3.1 Setting Up Your Environment
3.1.1 Python Installation and Virtual Environments
A clean environment prevents dependency conflicts and ensures reproducibility.
Step 1: Install Python 3.9+
Download from python.org or use a package manager:
# macOS with Homebrew
brew install python@3.11
# Windows with winget
winget install Python.Python.3.11
# Linux (Ubuntu/Debian)
sudo apt update && sudo apt install python3.11 python3.11-venv
Step 2: Create a Virtual Environment
# Create project directory
mkdir football-analytics
cd football-analytics
# Create virtual environment
python -m venv venv
# Activate it
# On Windows:
venv\Scripts\activate
# On macOS/Linux:
source venv/bin/activate
# Verify
python --version
which python # Should point to venv
Step 3: Install Core Packages
# Core data science stack
pip install numpy pandas scipy matplotlib seaborn
# Football-specific
pip install nfl-data-py
# Machine learning
pip install scikit-learn statsmodels xgboost
# Development tools
pip install jupyter black flake8 pytest
# Save dependencies
pip freeze > requirements.txt
3.1.2 IDE Configuration
For football analytics, we recommend VS Code or JupyterLab:
VS Code Setup: 1. Install Python extension 2. Select interpreter (your venv) 3. Enable format-on-save with Black 4. Configure linting with flake8
settings.json for VS Code:
{
"python.formatting.provider": "black",
"python.linting.enabled": true,
"python.linting.flake8Enabled": true,
"editor.formatOnSave": true,
"python.analysis.typeCheckingMode": "basic"
}
3.1.3 Project Structure
Organize your projects consistently:
football-analytics/
│
├── data/
│ ├── raw/ # Original downloaded data
│ ├── processed/ # Cleaned data
│ └── cache/ # Temporary cache files
│
├── notebooks/ # Jupyter notebooks for exploration
│ ├── 01_eda.ipynb
│ └── 02_modeling.ipynb
│
├── src/ # Reusable Python modules
│ ├── __init__.py
│ ├── data_loader.py
│ ├── features.py
│ └── visualization.py
│
├── tests/ # Unit tests
│ └── test_features.py
│
├── outputs/ # Generated figures, reports
│
├── requirements.txt # Dependencies
├── README.md # Project documentation
└── .gitignore # Files to exclude from git
"""
Example: Project Setup Verification
Run this script to verify your environment is configured correctly.
"""
import sys
from importlib import import_module
def check_environment():
"""Verify all required packages are installed."""
required_packages = [
('numpy', 'np'),
('pandas', 'pd'),
('matplotlib', 'plt'),
('seaborn', 'sns'),
('sklearn', None),
('nfl_data_py', 'nfl'),
]
print("Environment Check")
print("=" * 50)
print(f"Python version: {sys.version}")
print()
all_ok = True
for package, alias in required_packages:
try:
mod = import_module(package)
version = getattr(mod, '__version__', 'unknown')

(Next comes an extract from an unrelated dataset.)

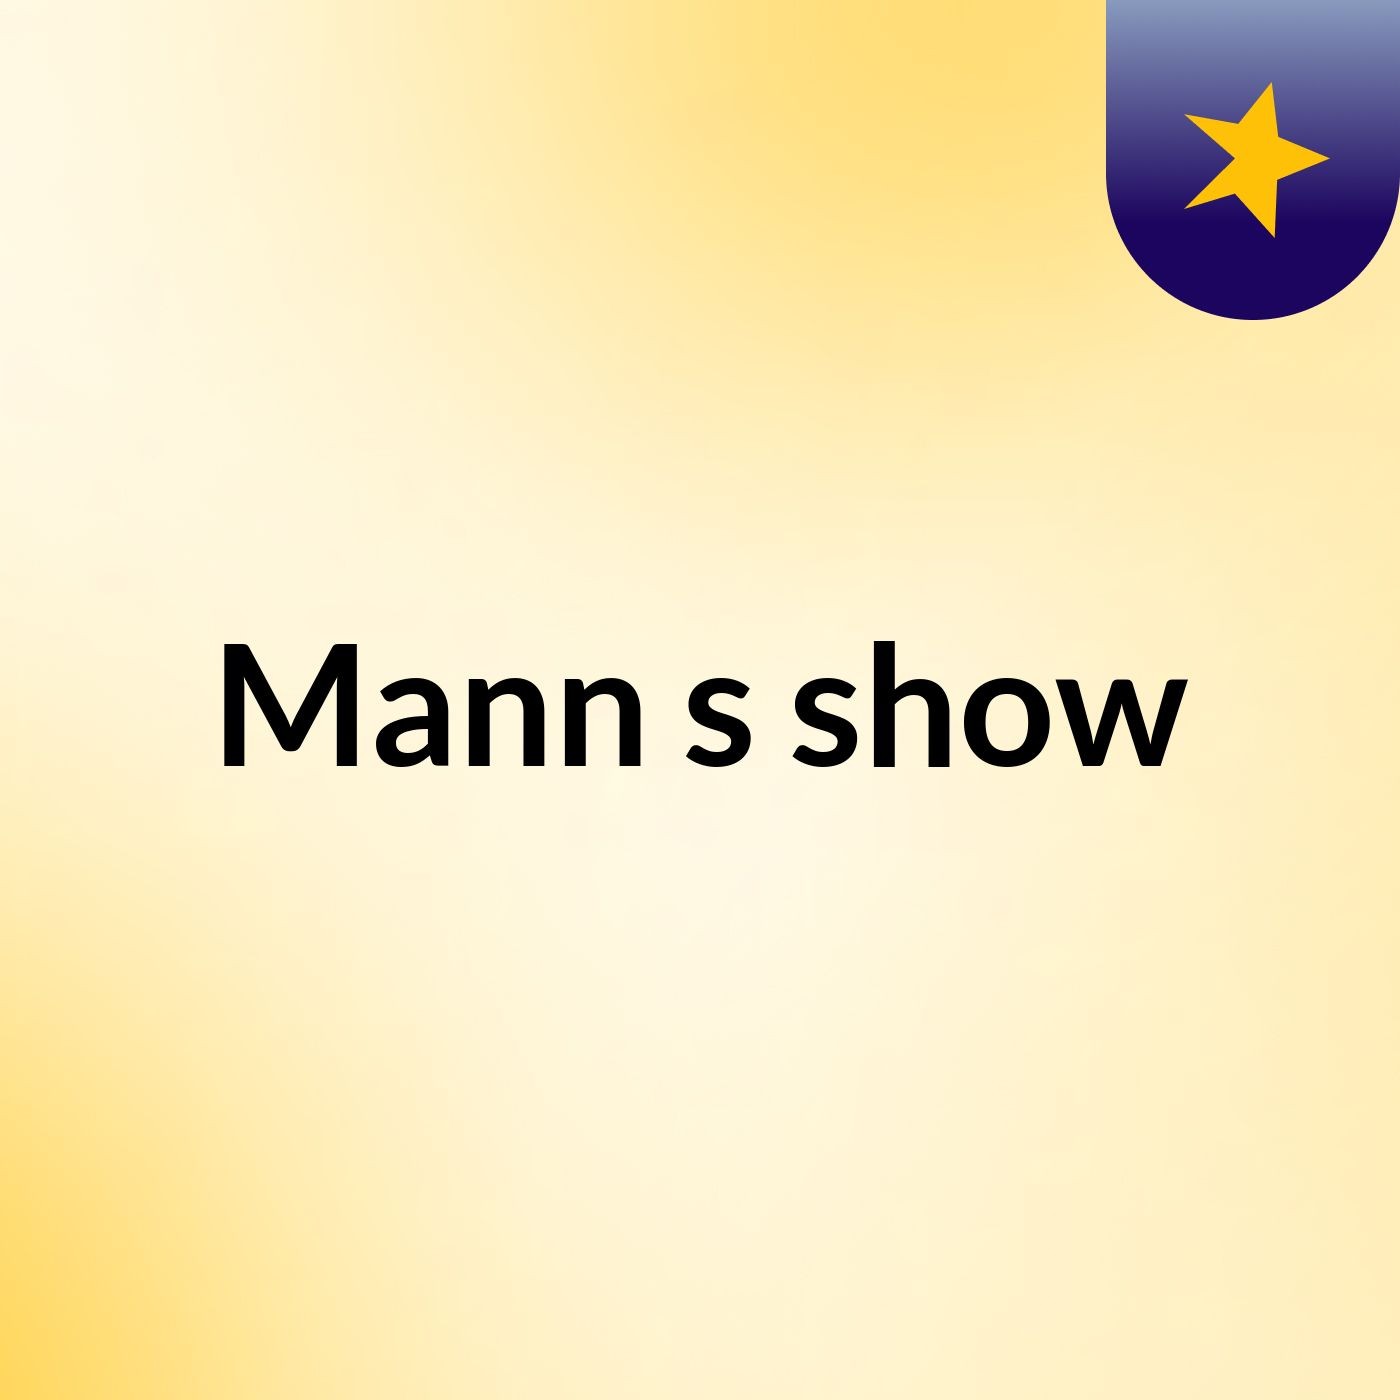 Mann's show

print(f" [OK] {package}: {version}")
except ImportError:
print(f" [MISSING] {package}")
all_ok = False
print()
if all_ok:
print("All packages installed correctly!")
else:
print("Some packages are missing. Run: pip install -r requirements.txt")
return all_ok
if __name__ == "__main__":
check_environment()
3.2 Pandas Essentials for Football Data
3.2.1 Loading and Inspecting Data
"""
Pandas Fundamentals for Football Analytics
"""
import pandas as pd
import numpy as np
import nfl_data_py as nfl
# Load data
pbp = nfl.import_pbp_data([2023])
# Basic inspection
print(f"Shape: {pbp.shape}") # (rows, columns)
print(f"Columns: {len(pbp.columns)}") # Number of columns
print(f"Memory: {pbp.memory_usage(deep=True).sum() / 1e6:.1f} MB")
# View structure
pbp.info() # Column types and non-null counts
pbp.head() # First 5 rows
pbp.describe() # Numeric column statistics
# Column exploration
pbp.columns.tolist() # All column names
pbp['play_type'].unique() # Unique values
pbp['play_type'].value_counts() # Value counts
3.2.2 Selecting and Filtering
Column Selection:
# Single column (returns Series)
epa_series = pbp['epa']
# Multiple columns (returns DataFrame)
subset = pbp[['game_id', 'play_id', 'posteam', 'epa']]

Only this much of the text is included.